Abstract:
Dependency parsing provides information regarding word relationships and has many applications in natural
language processing. Several methods of dependency parsing have been proposed in the literature for English and
European languages. No sufficient dependency parsing system is available for Amharic, which is a Semitic and a
national language of Ethiopia. Due to its morphological structure and low-resource availability, customizing
available dependency parser systems is not efficient for Amharic language. In this paper, a novel dependency parser
system is proposed for the Amharic language based on a long-short-term memory (LSTM) classifier in two steps,
unlabeled dependency parsing, and relation label assignment. First, an arc-eager transition-action classifier was
designed and trained on transition configurations generated from Amharic treebank to predict. Then, the output of
the classifier is used by the arc-eager transition algorithm to produce an unlabeled dependency tree. Second, a
relation-label classifier was designed and trained on pairs of parts of speech tags of the head and the dependent
words from the treebank to assign an appropriate label for the dependency relation. Experiments were conducted on
1574 annotated sentences collected from universal-dependency Amharic treebank (1074) and a treebank that was
prepared during this study (500).
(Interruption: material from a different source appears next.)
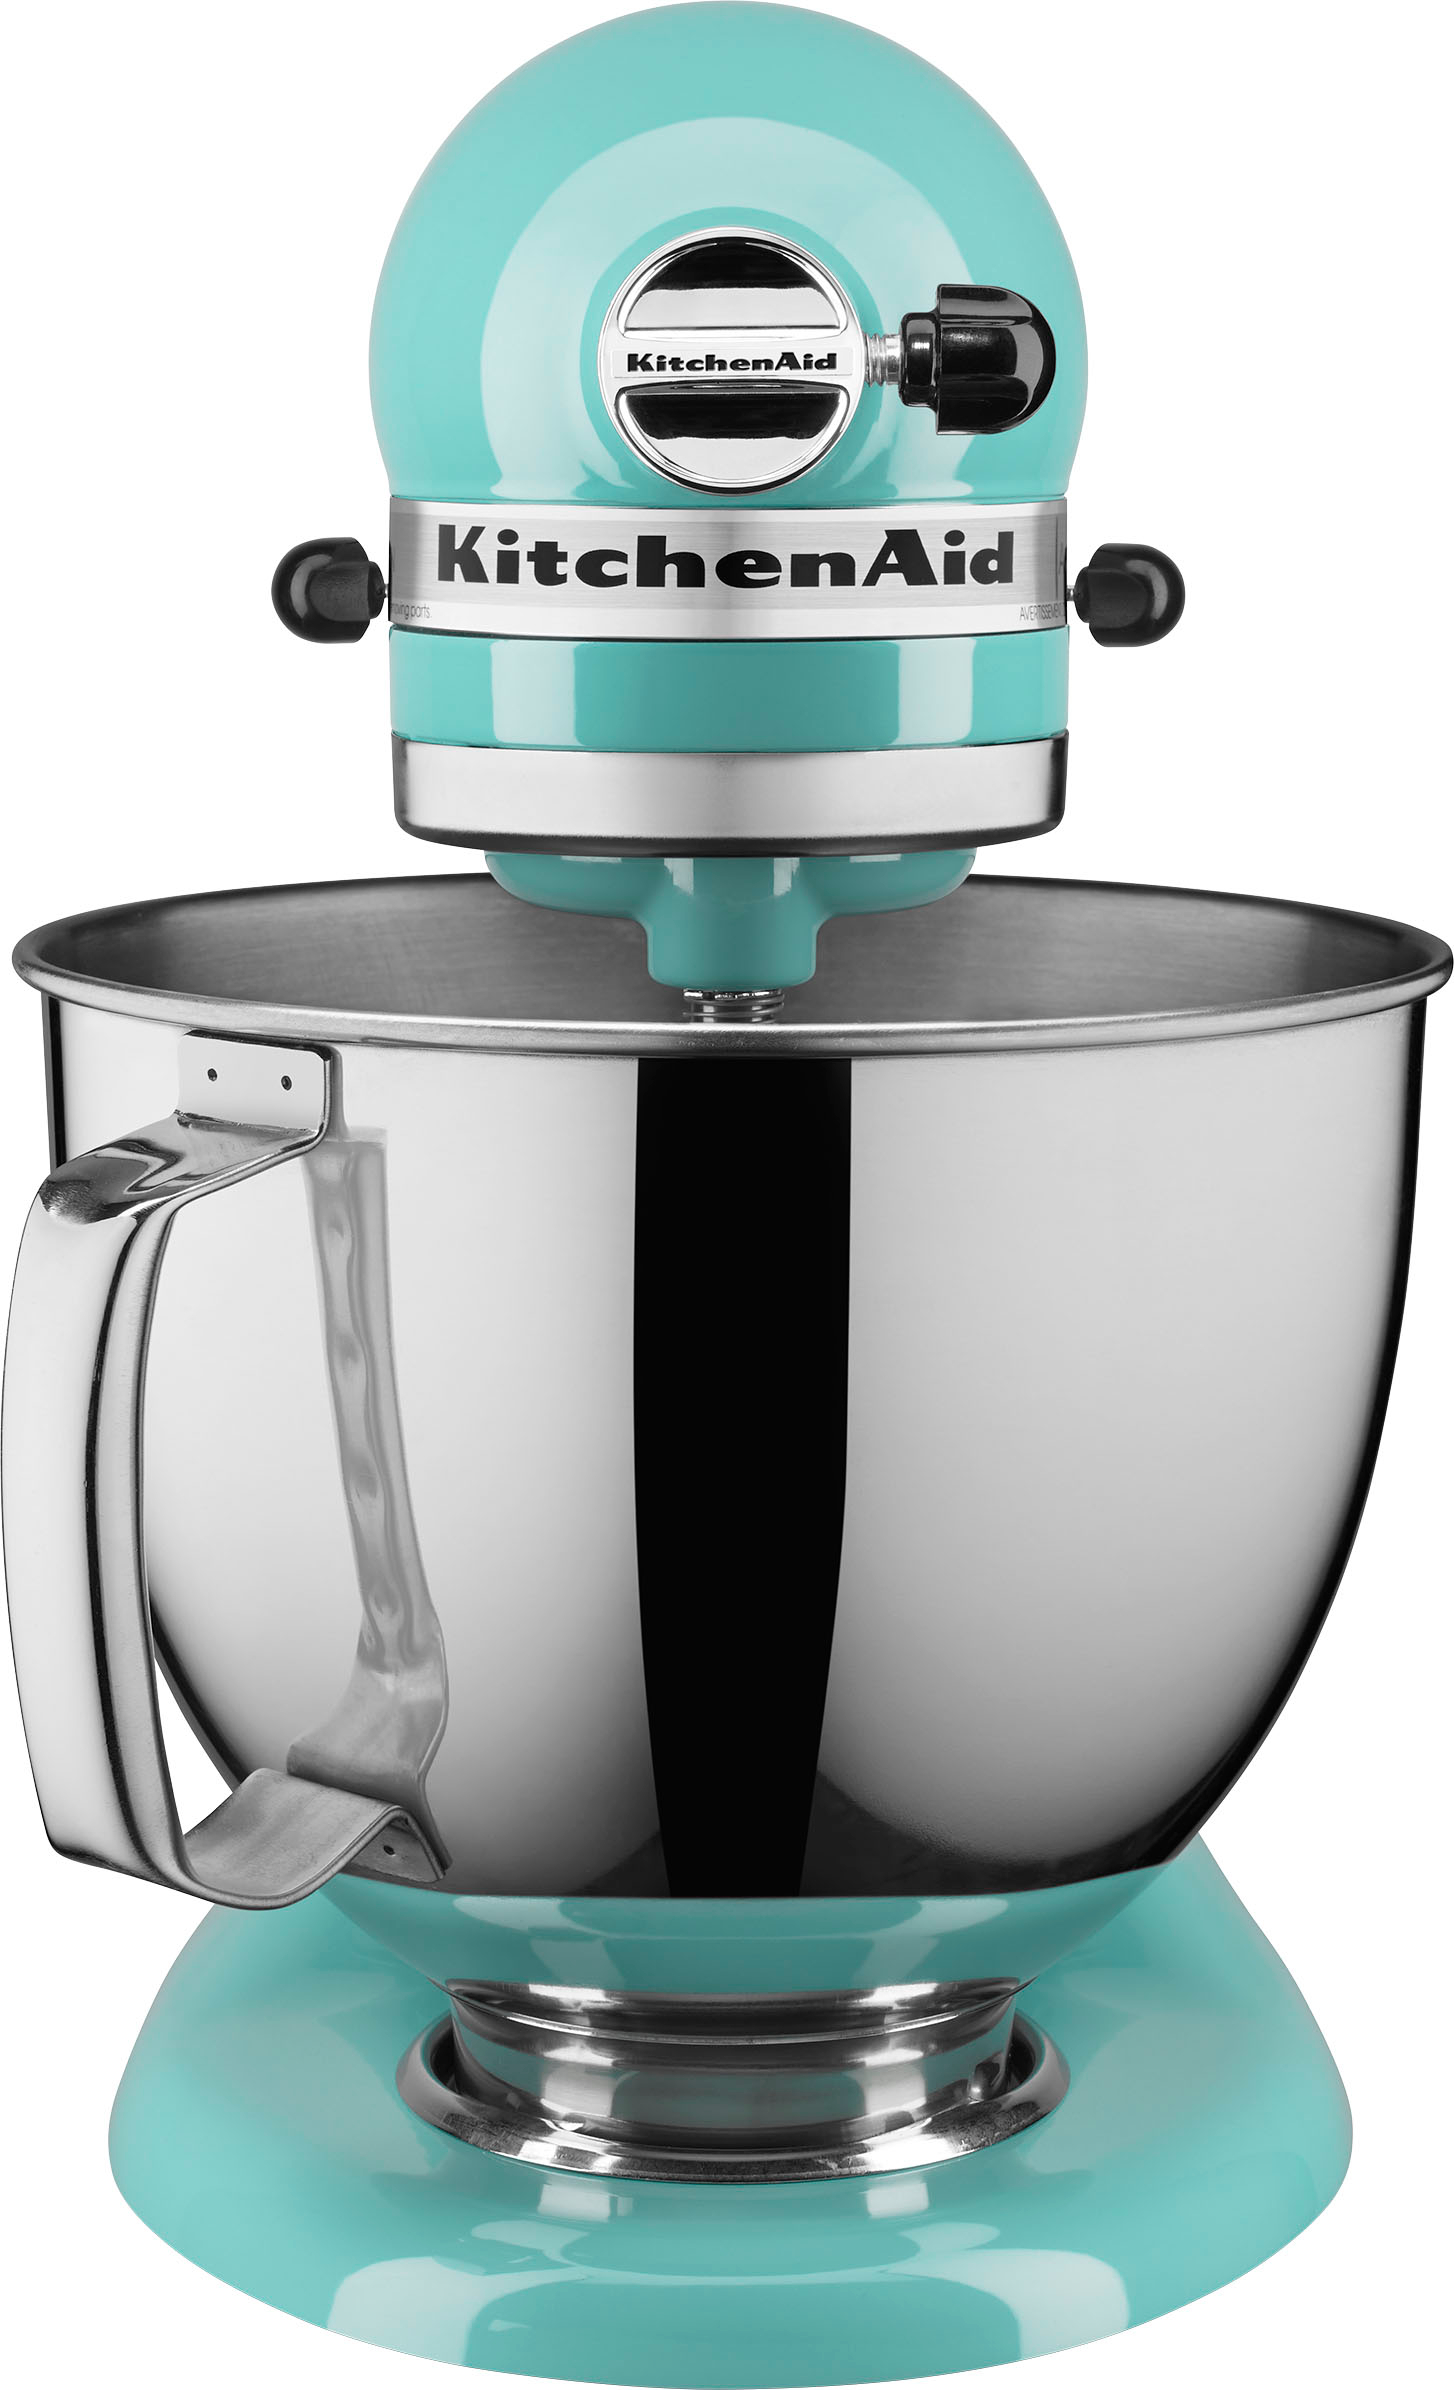 KitchenAid KSM150PSAQ Artisan Aqua Sky Teal 5-Quart Tilt-Head Stand Mixer +  Reviews, Crate & Barrel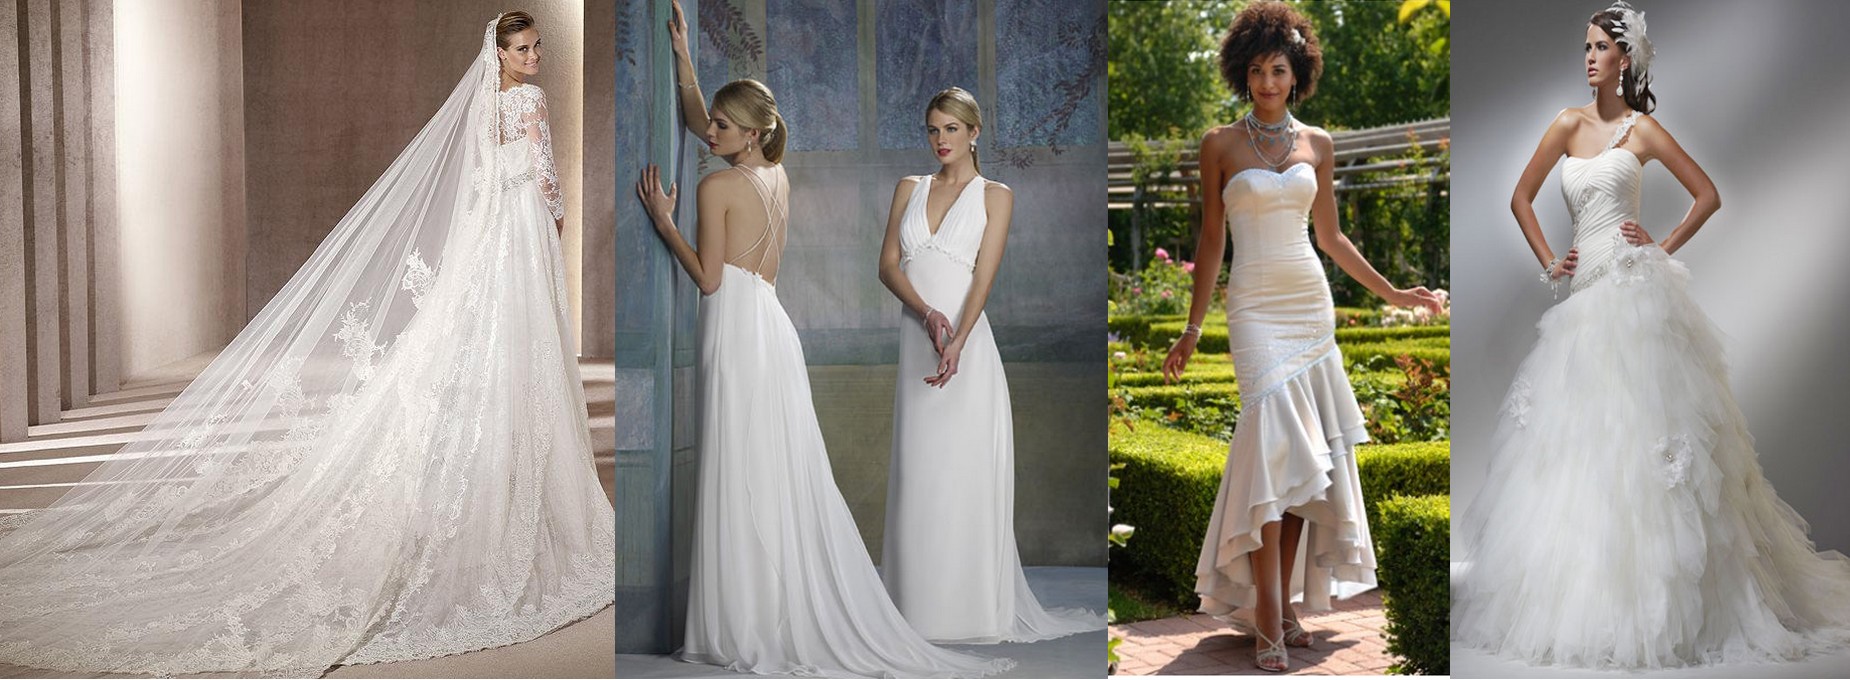 Cette année, quelle robe de mariée est la plus populaire? Que préfèrent les filles le plus? Ici, dans Boutique 1robe en ligne, nous vous révélons tous ces secrets. Vous trouverez les robes les plus belles.

Both classifiers were tested on 30% of the dataset, and 92% and 81% accuracies
were found for the transition-action classifier and relation-label classifier, respectively. The proposed system was
also evaluated using an unlabeled and labeled attachment score on 30% of the dataset, and 91.54% unlabeled and
86% labeled attachment scores were found. Our experimental results demonstrate that the proposed system can be
used for parsing Amharic sentences and as a preprocessing tool during the development of natural language
processing tools.